La Sacim estime avoir été parmi les acteurs les plus touchés par ce cadre réglementaire. Son choix de revenir à Anvers via une vente publique s’inscrit dans cette nouvelle phase : plus d’acheteurs, des conditions de vente plus transparentes dans la méthode, et une mise en relation avec un centre où se concentrent des négociants et des industriels.
Sur le plan des prix, les conditions financières de la vente d’Anvers n’ont pas été rendues publiques. Faute de chiffres sur cette session, les repères viennent des statistiques minières de 2025, qui signalent une amélioration du prix moyen de vente de la Sacim. Après 9,63 dollars le carat en 2024, puis 11,38 dollars, la société a maintenu un prix moyen autour de 11 dollars. Dans le même temps, le prix moyen global des diamants industriels est tombé à 7,4 dollars le carat. Pour le grand public, cela se lit comme un écart de performance : l’entreprise vend, en moyenne, plus cher que le marché, ce qui peut soutenir ses recettes même quand le secteur traverse une période de prix bas.
Cette stabilité du prix moyen intervient aussi dans un contexte de baisse continue des prix des diamants naturels. Même si les diamants industriels et naturels ne répondent pas aux mêmes usages, l’évolution du marché global pèse sur les perceptions, sur les circuits de négociation et sur l’intérêt des acheteurs. Dans ces conditions, sécuriser un niveau de prix relativement stable devient un enjeu concret pour un opérateur industriel : cela protège une partie des revenus et aide à planifier les ventes.
Les volumes, eux, racontent une autre réalité. Les exportations de la Sacim ont été divisées par deux, passant de 2 887 100 carats en 2024 à 1 151 866 carats en 2025. La société, détenue à parts égales par le groupe chinois Anhui Foreign Economic Construction Corporation (AFECC) et l’État congolais, n’a contribué qu’à 13,5 % de la production nationale, avec environ 1,1 million de carats produits.
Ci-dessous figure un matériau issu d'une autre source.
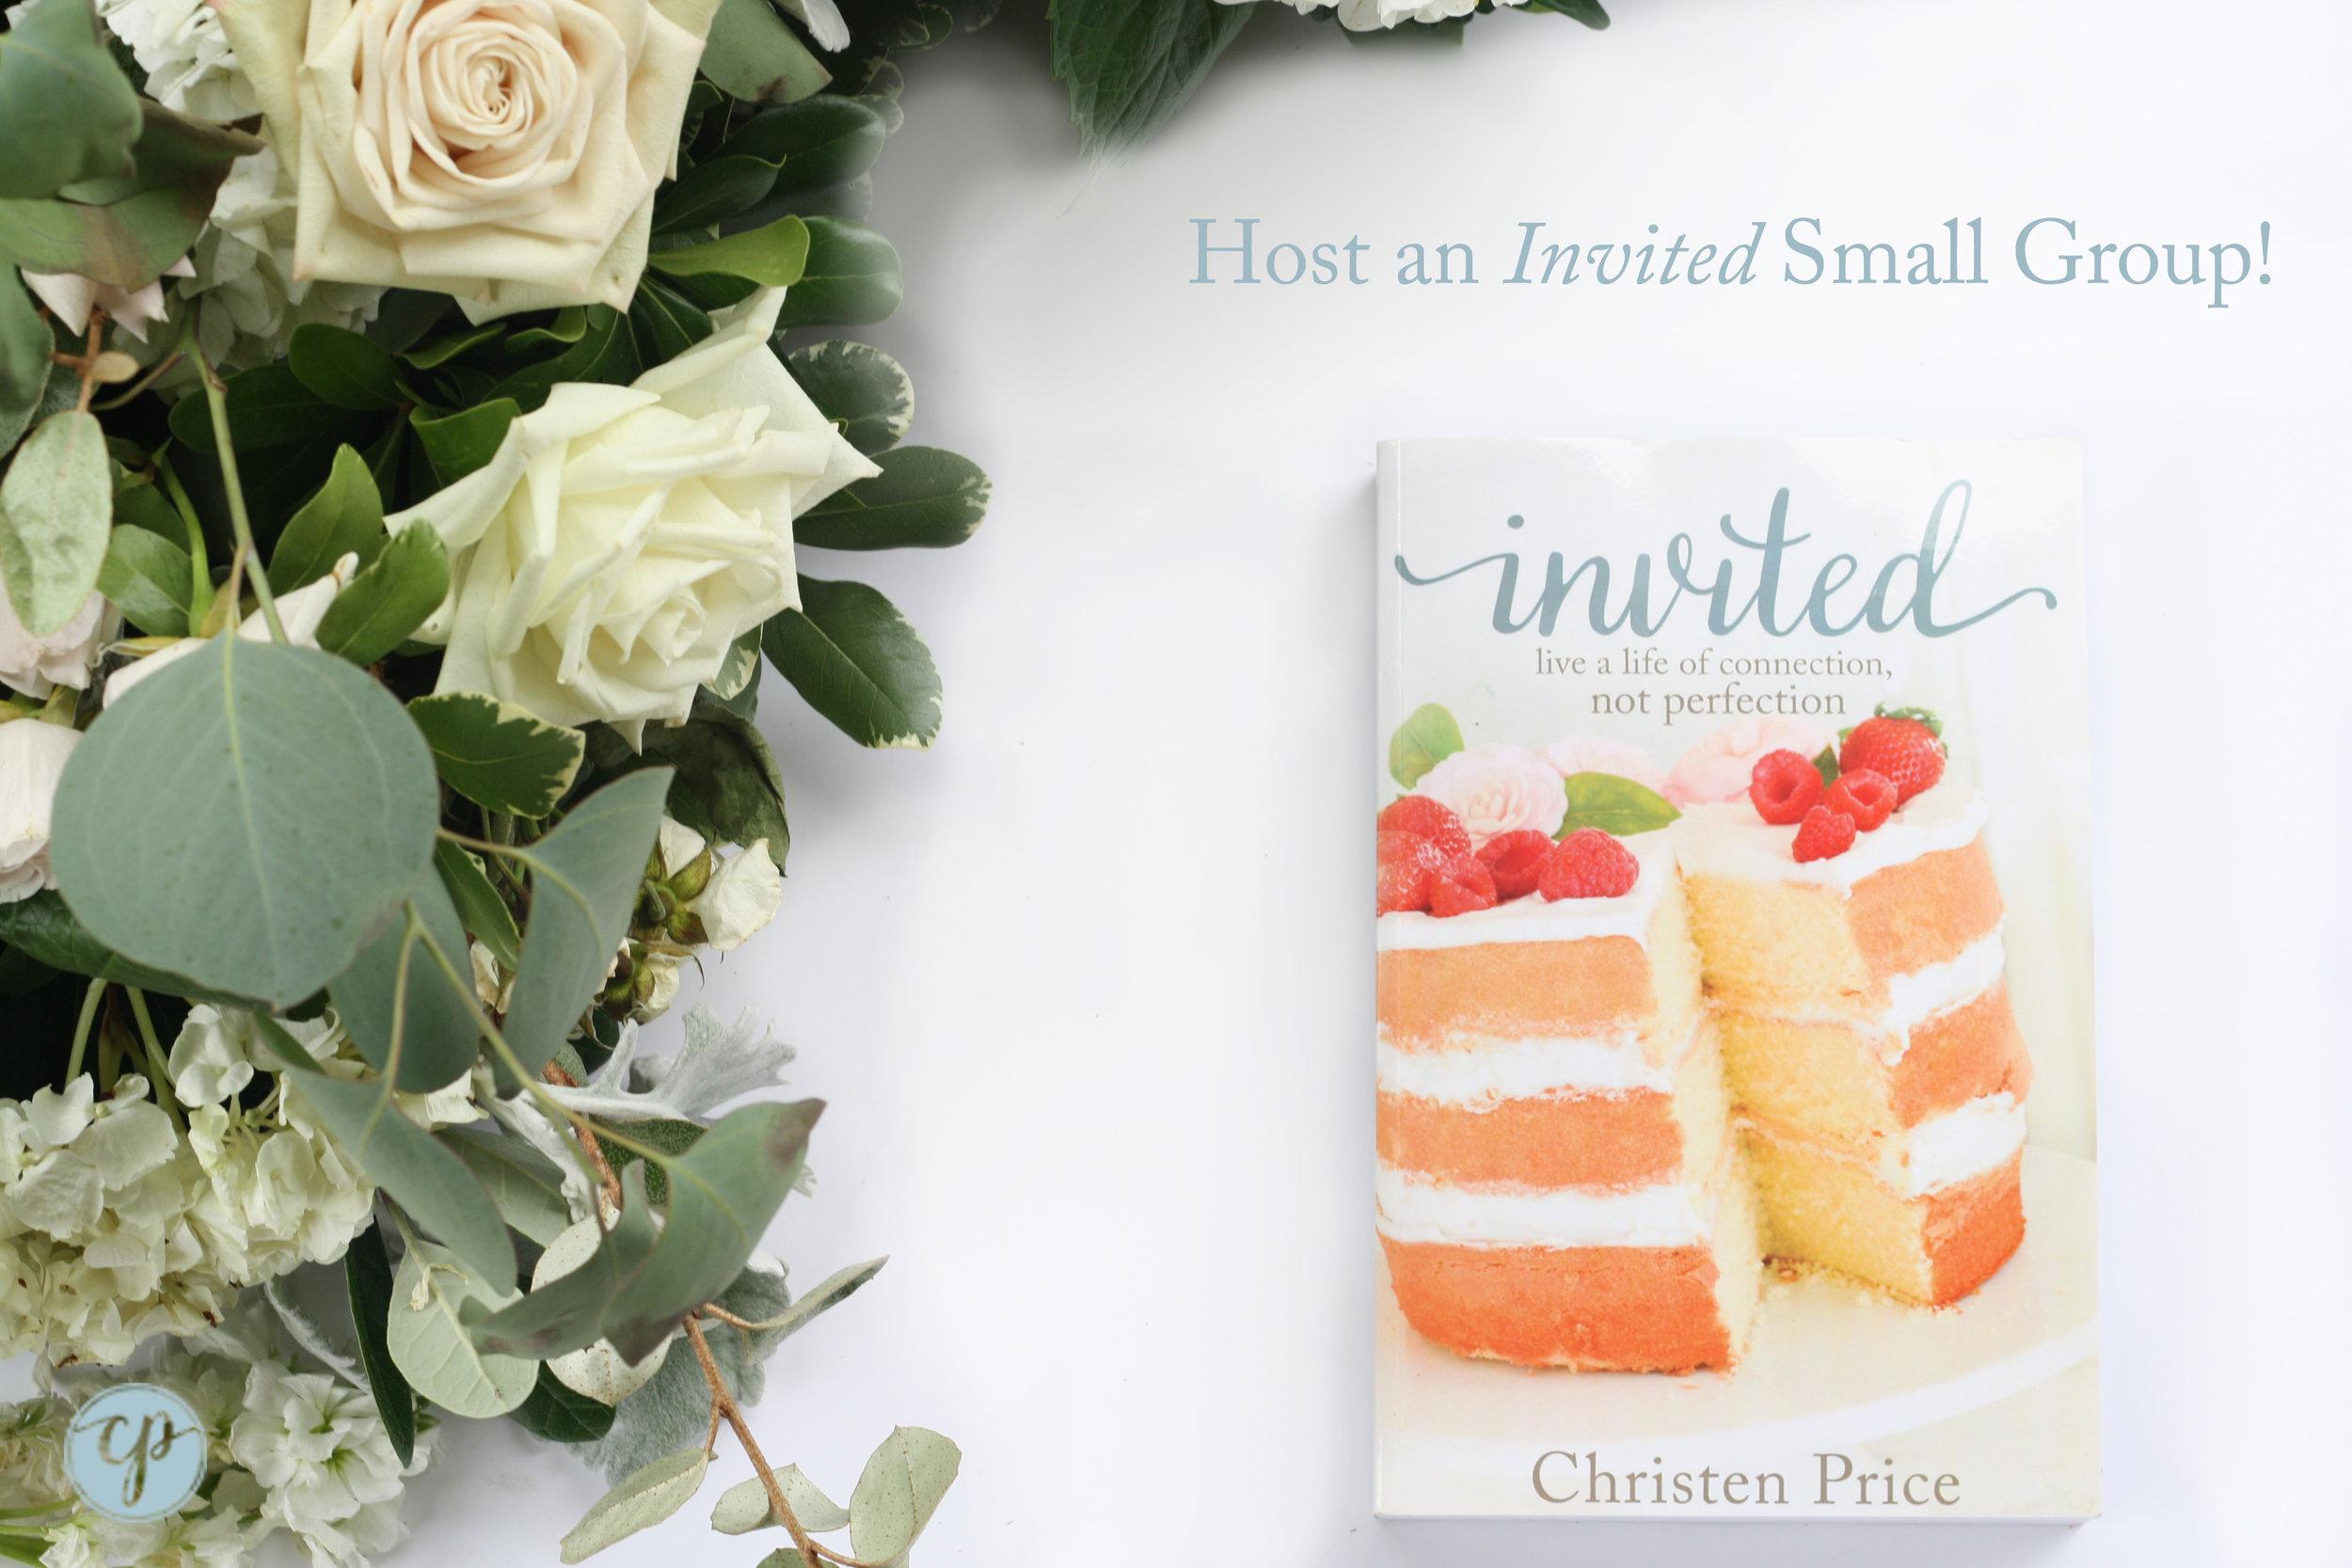 host an invited small group!.jpg

Pour l’économie, cette baisse de volumes compte autant que le niveau des prix. Un prix moyen plus élevé peut compenser une partie de la chute des quantités, mais il ne suffit pas toujours à maintenir les recettes à un niveau comparable, surtout si les coûts fixes restent importants (exploitation, logistique, encadrement technique). À l’échelle du pays, une production plus faible réduit aussi l’effet d’entraînement sur les recettes d’exportation et sur les chaînes locales liées à l’activité (transport, services, sous-traitance).
C’est là que le calendrier annoncé à Anvers prend du sens. Une réunion technique entre la Sacim, Samir Gems et l’AWDC a permis d’établir un programme annuel des prochaines ventes publiques. Le dispositif prévoit aussi un accompagnement technique et institutionnel pour ancrer la présence des diamants congolais sur ce marché. Pour un producteur, un calendrier régulier est une façon de donner de la visibilité aux acheteurs : ils savent quand les lots arrivent, ils se préparent, ils comparent, et la concurrence peut jouer plus facilement.
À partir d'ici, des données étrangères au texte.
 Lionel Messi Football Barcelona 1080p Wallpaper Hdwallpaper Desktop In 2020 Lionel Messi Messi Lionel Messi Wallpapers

En filigrane, cette vente publique ouvre une séquence où la RDC cherche à mieux positionner ses diamants industriels dans les places internationales, en s’appuyant sur un cadre plus ouvert et sur des partenariats de place à Anvers, tout en devant répondre à un point simple : remonter les volumes, sans perdre le contrôle sur la qualité des ventes et sur la formation des prix.